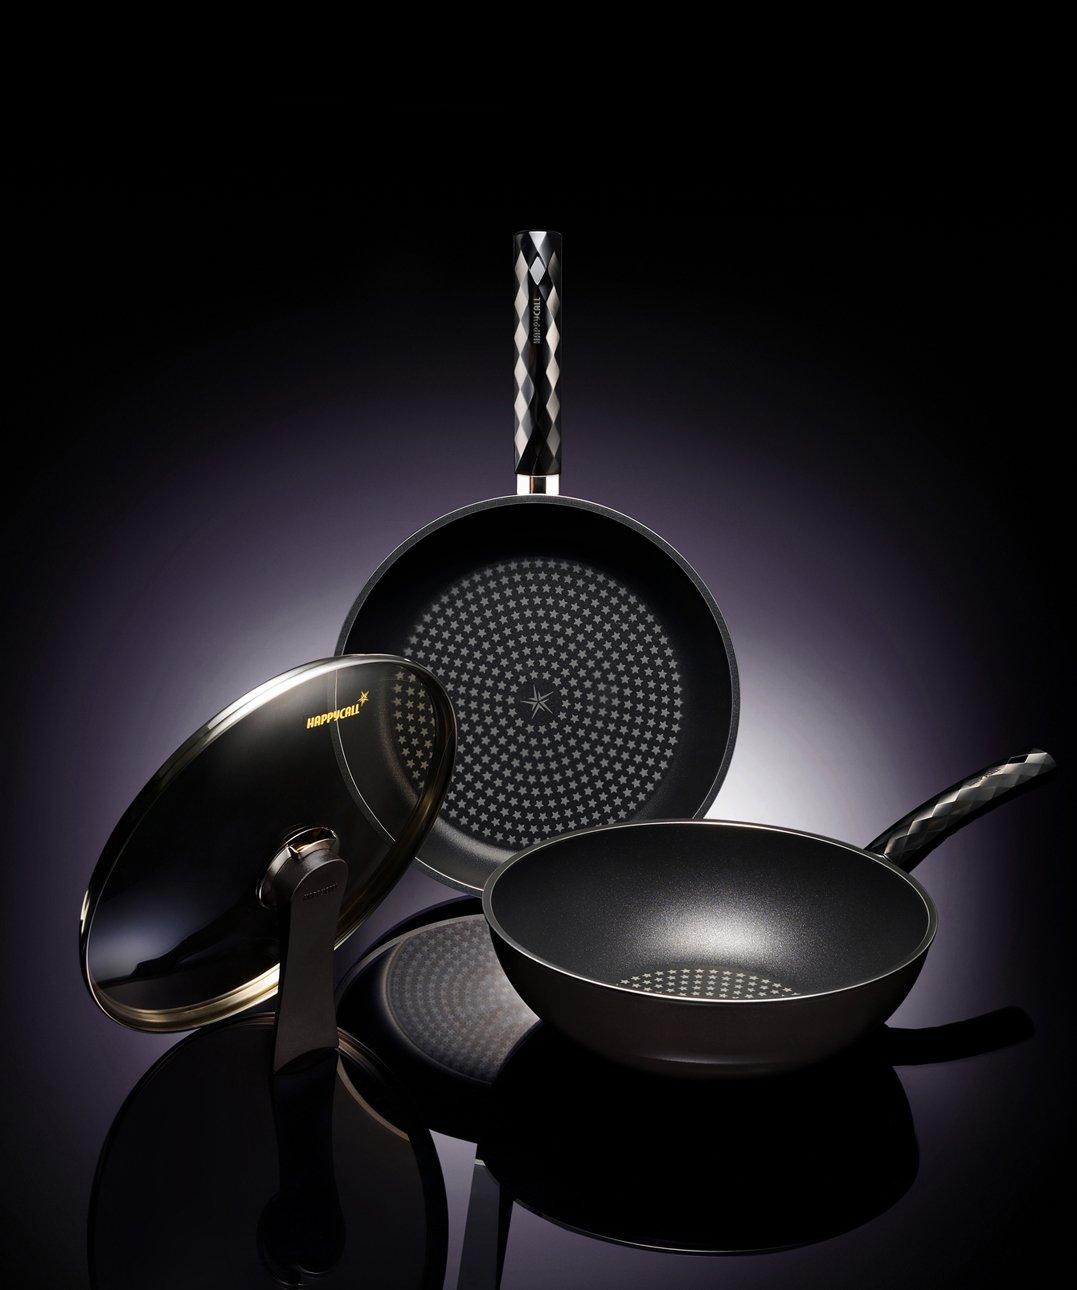 Happycall 5 Layer Diamond Nonstick Pan and Wok 3-piece Set, 12inch, PFOA-Free, Cookware Set, Dark Brown
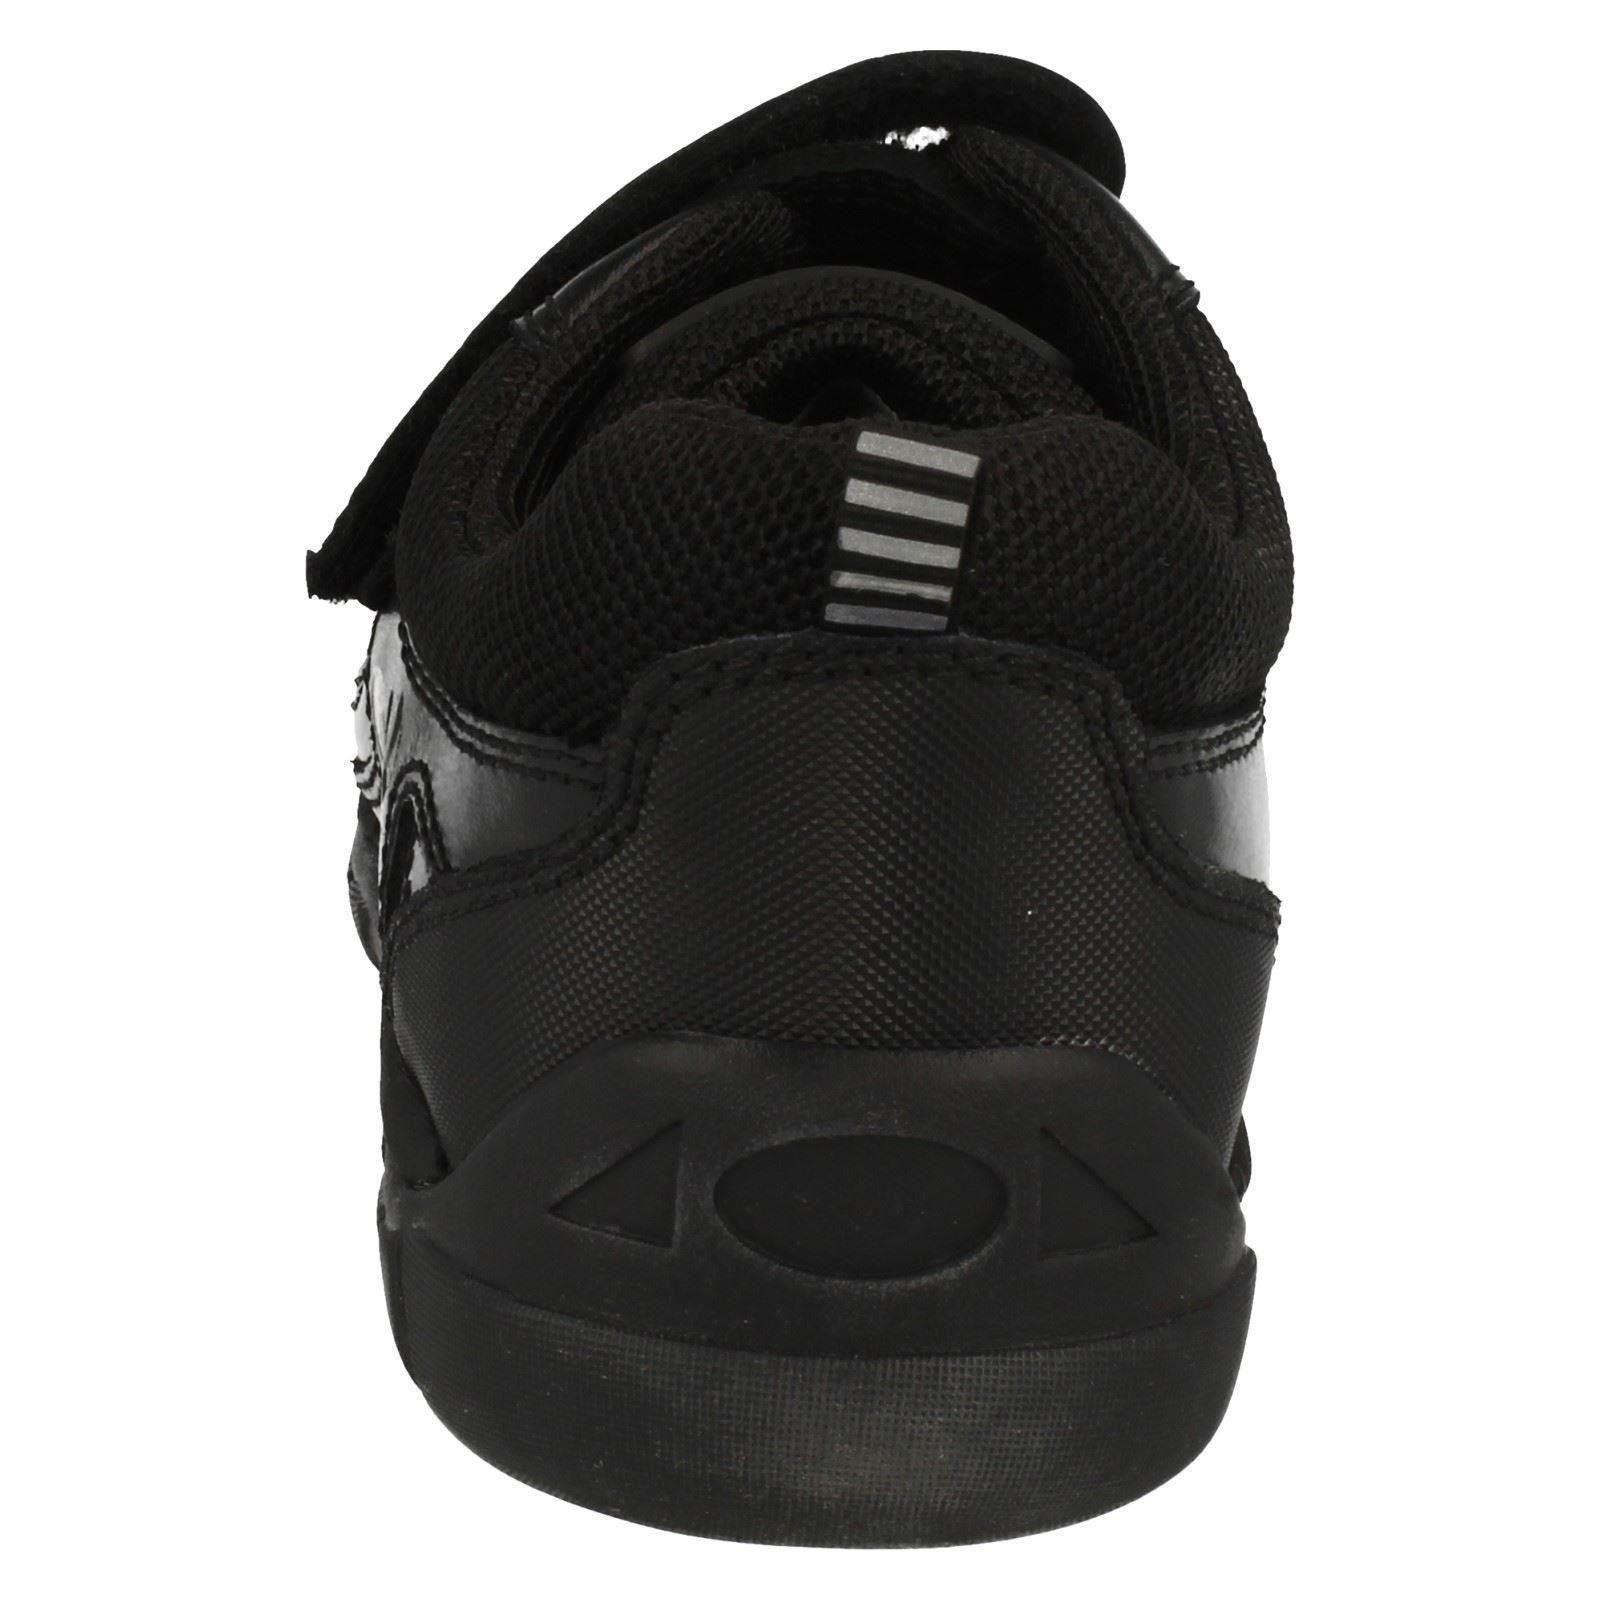 Senior Boys Rhino by Startrite Oliver School Shoes
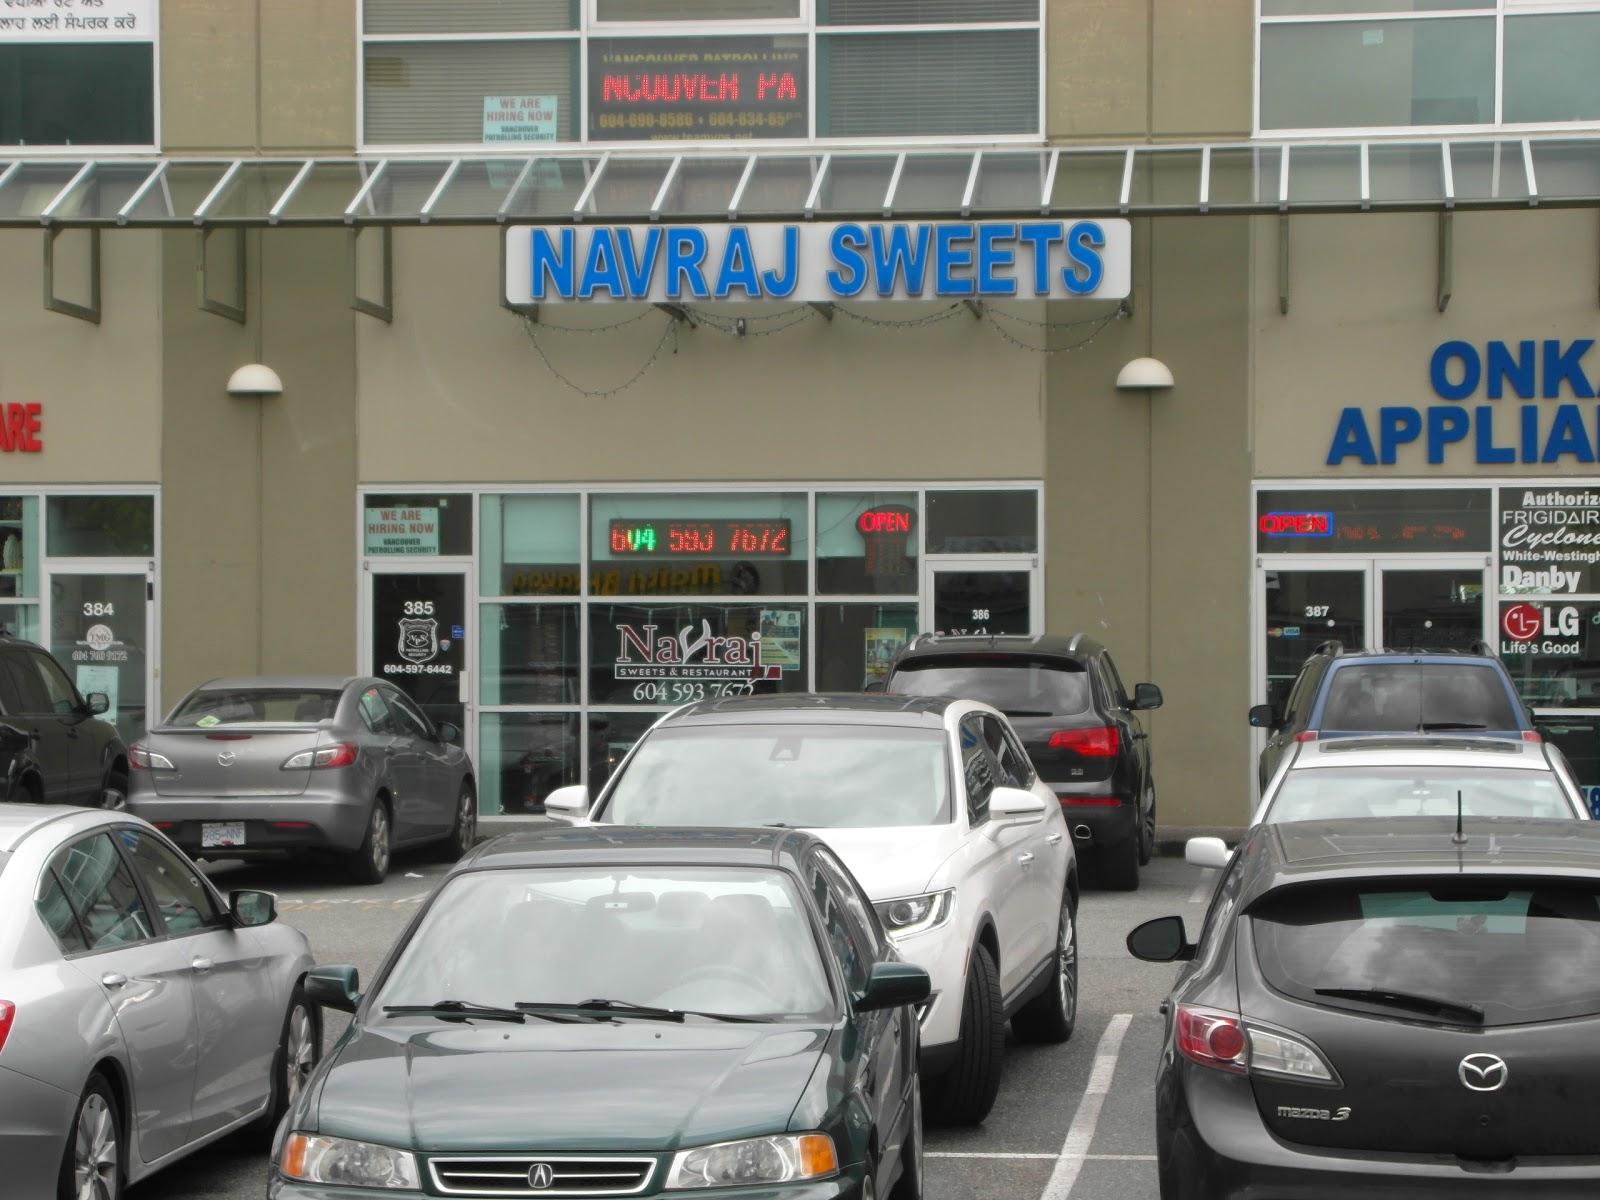 Navraj Sweets & Restaurant
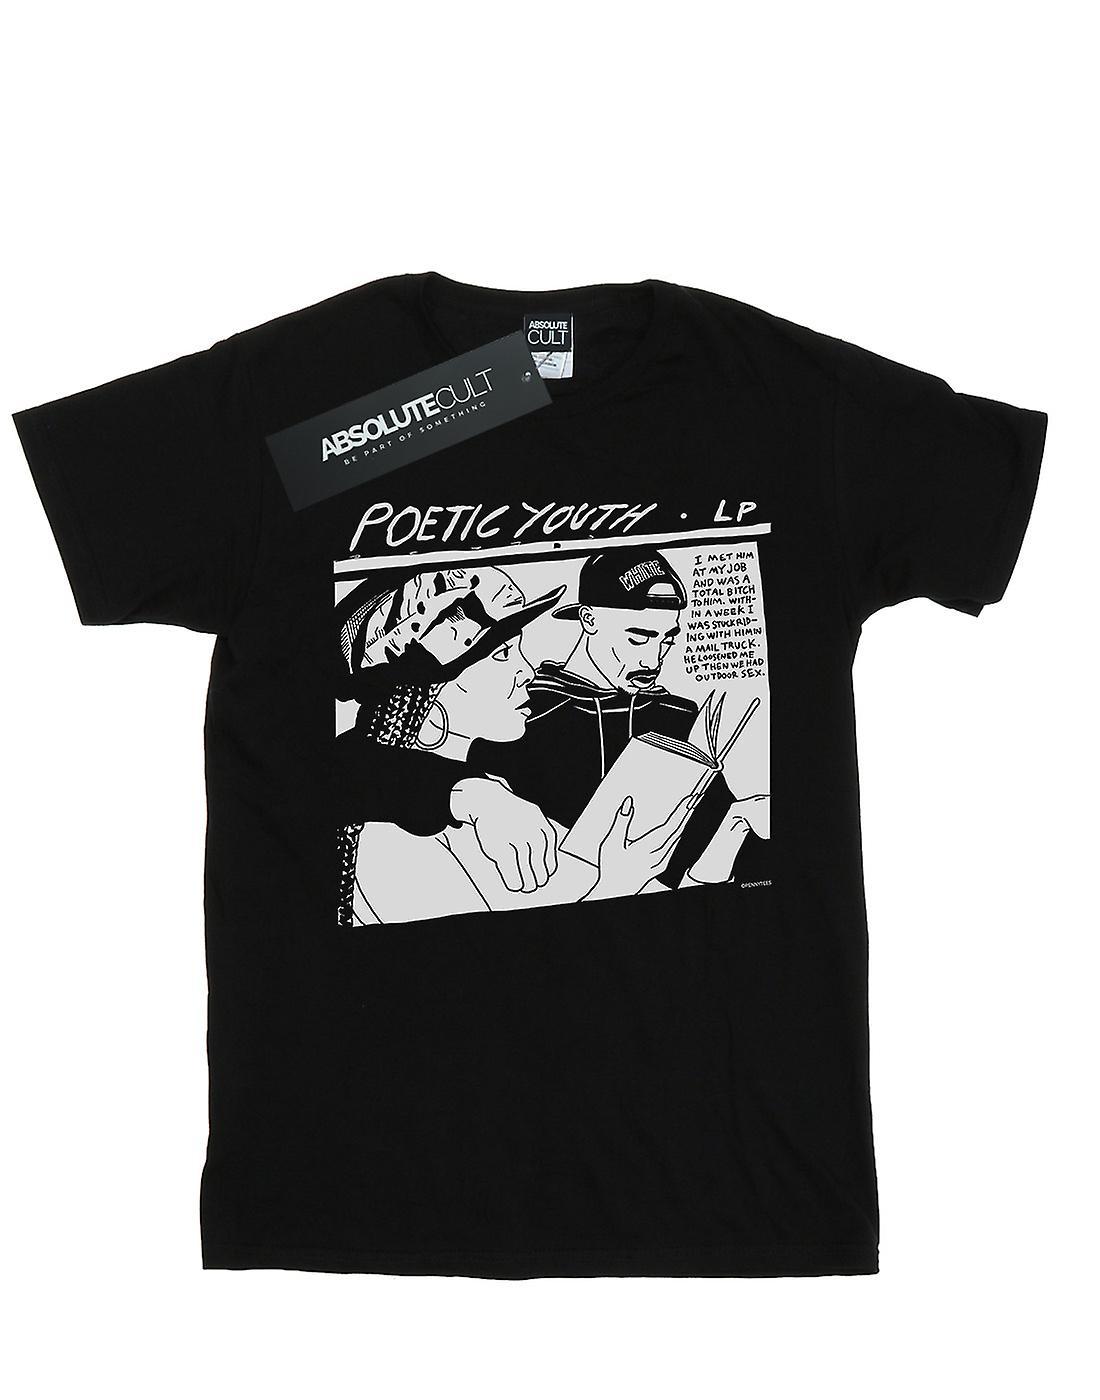 Pennytees Women's Poetic Youth Boyfriend Fit T-Shirt

- [YOUR GOAL]: Each line of the data needs to be output exactly, with any image excluded.

- [ANSWER TO THE EXERCISE]:
 Happycall 5 Layer Diamond Nonstick Pan and Wok 3-piece Set, 12inch, PFOA-Free, Cookware Set, Dark Brown
 Senior Boys Rhino by Startrite Oliver School Shoes
 Navraj Sweets & Restaurant
 Pennytees Women's Poetic Youth Boyfriend Fit T-Shirt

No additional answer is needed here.